Monthly Archives: December 2023

Are you fearful, like me?

O Little Town of Bethlehem - Point of View - Point of View

 

The following poem can be sung to the melody of the beloved Christmas carol “O, Little Town of Bethlehem.” Try it.

[1] My fearful heart, my fragile soul, why do you doubt and fear?
for God your King is powerful, and He is very near.
He watches over you with care, takes note of where you go,
so wait and hope and expect Him. He’s helping you to grow.

[2] Here in the silence of my heart I’m learning to depend.
He’s teaching me from His great law to hide myself in Him.
He’s working all things for my good. In all things He is faithful,
to teach my heart to follow Him, to trust Him as I should.

[3] When life in this old evil world brings torment without cease,
our God wants our minds fixed on Him, safe, guarded, kept in peace.
He knows our every weakness, He knows our hearts are frail,
and so He sent Emmanuel. In Him we never fail!
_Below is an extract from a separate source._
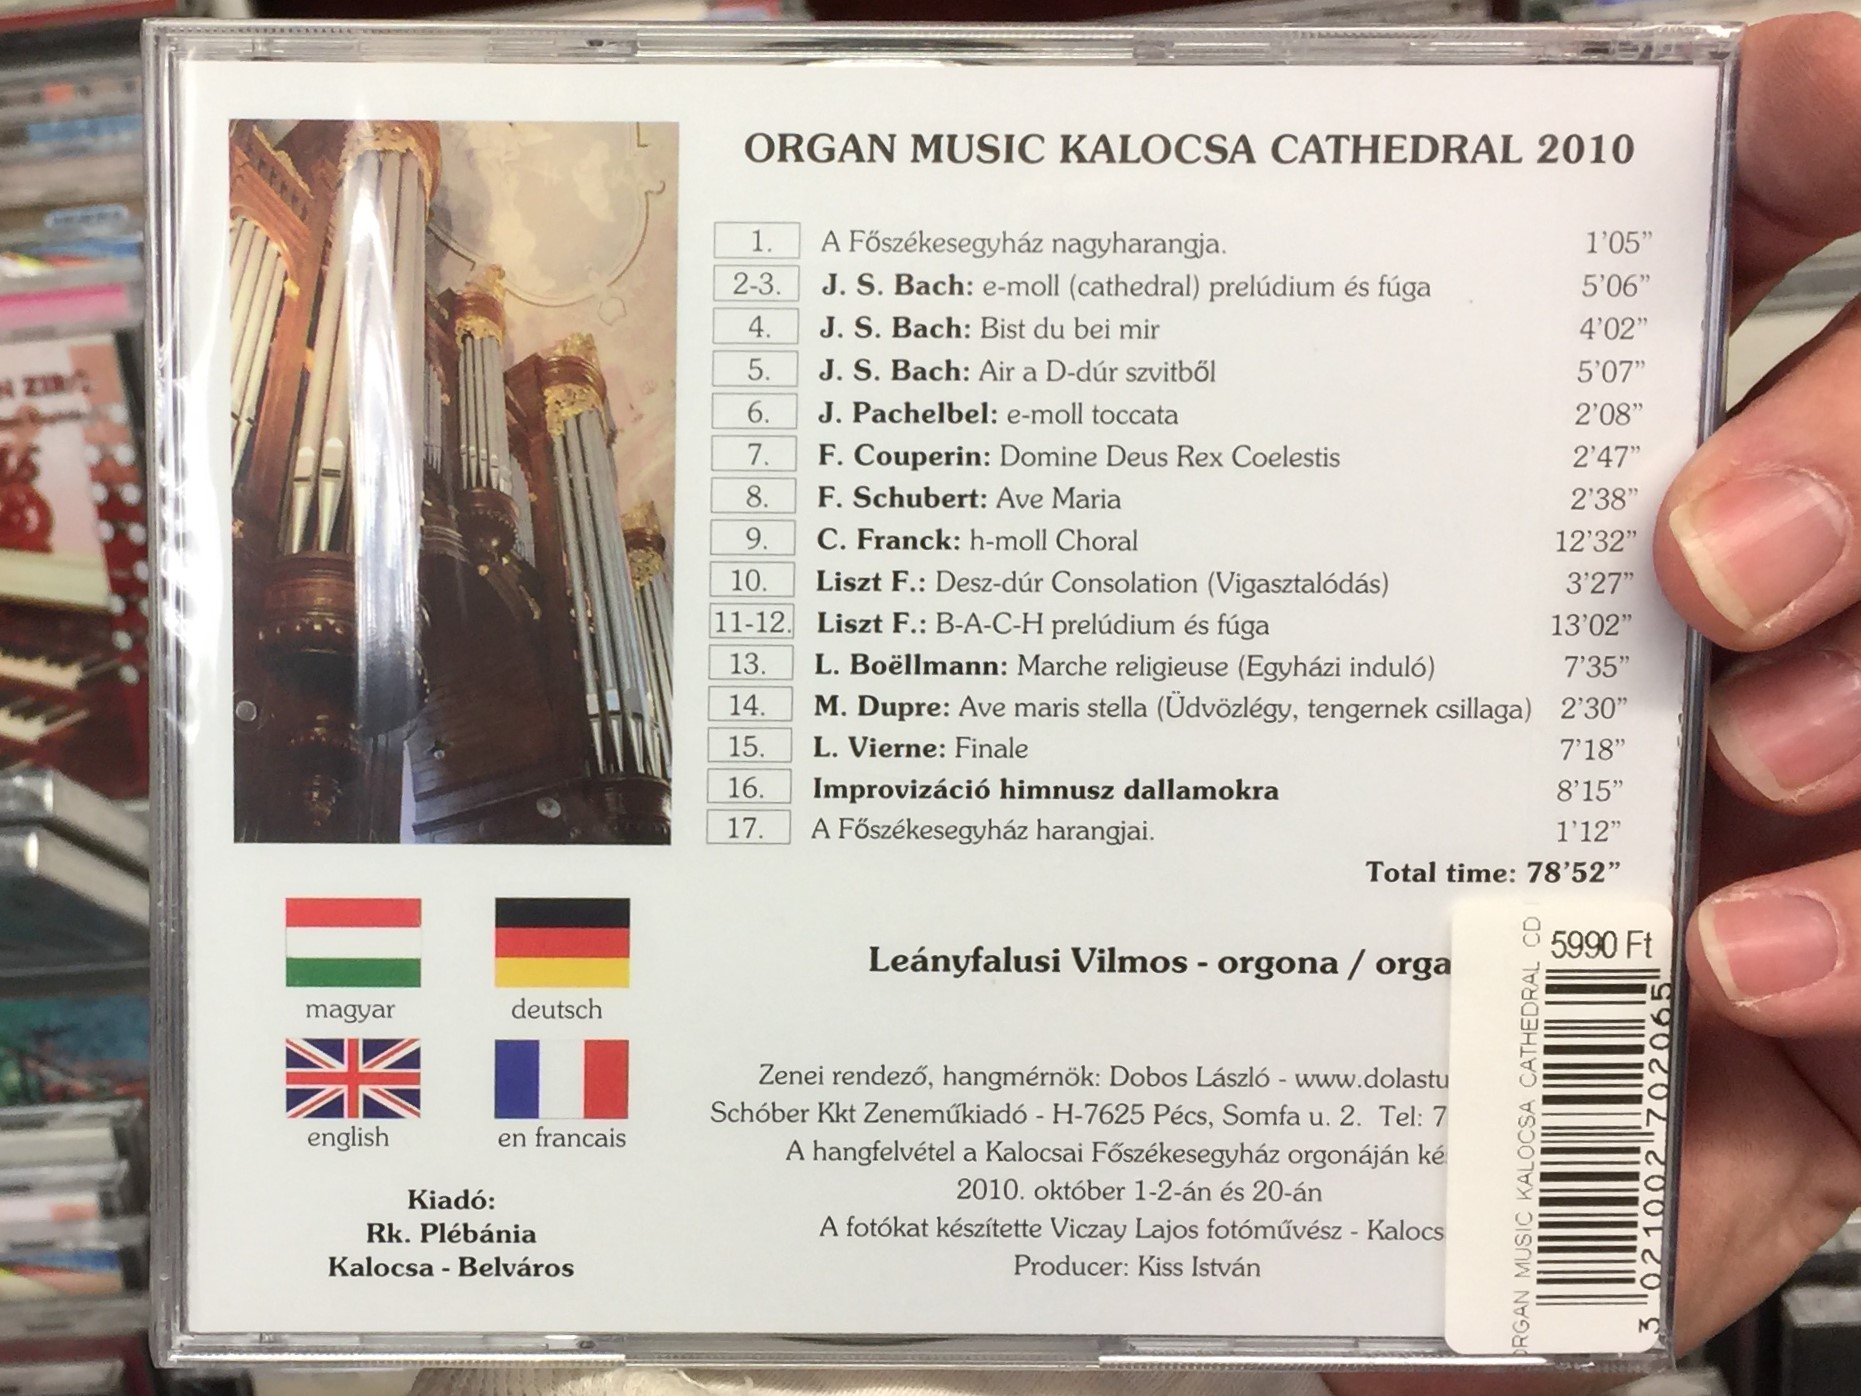 organ-music-kalocsa-cathedral-vilmos-leanyfalusi-audio-cd-2010-3021002702065-2-.jpg

[4] When you are feeling all alone, like you don’t have a friend,
remember Satan’s lies are lies, and trust makes darkness end.
For every time we call on Him, He answers us with light,
and on His strength we can depend!
We’re girded in His might!

Sea Surf Waves Beach Free Stock Photo - Public Domain Pictures“Are you fearful, like me?” is a trick question, sort of. I wanted to get your attention. I am not fearful in the sense that I know God is sovereign, I know that He is loving and faithful, and I know that not one word of all His promises ever fails. Yet, because I am human, feelings of all kinds occasionally splash up, like waves on seaside rocks. And, sometimes if I do not run to God quickly enough, feelings overwhelm my soul, as surely as the tide overwhelms (ah! but only temporarily) the ever-shifting shoreline.

We all have similar feelings. As the Word tells us, we humans all have similar feelings. Look at 1 Corinthians 10:12-13 in the New Living Translation.

12 If you think you are standing strong, be careful not to fall. 13 The temptations in your life are no different from what others experience. And God is faithful. He will not allow the temptation to be more than you can stand. When you are tempted, He will show you a way out so that you can endure (emphasis added).

The context for this comforting verse is Paul’s warning that the believers at Corinth not repeat the mistakes Israel did, when the Israelites “set their hearts on evil things” (v. 6), when they were idolators, adulterers and grumblers and tested the Lord. All these died in the dessert, never making it to the Promised Land.

Paul says “These things happened to them as examples and were written down as warnings for us, on whom the fulfillment of the ages has come” (v. 11). In light of that, Paul says we must be very careful, if we think we are doing well spiritually, to be careful and not fall into sin, because we are all subject to the same temptations.

12 Therefore let anyone who thinks he stands [who feels sure that he has a steadfast mind and is standing firm], take heed lest he fall [into sin].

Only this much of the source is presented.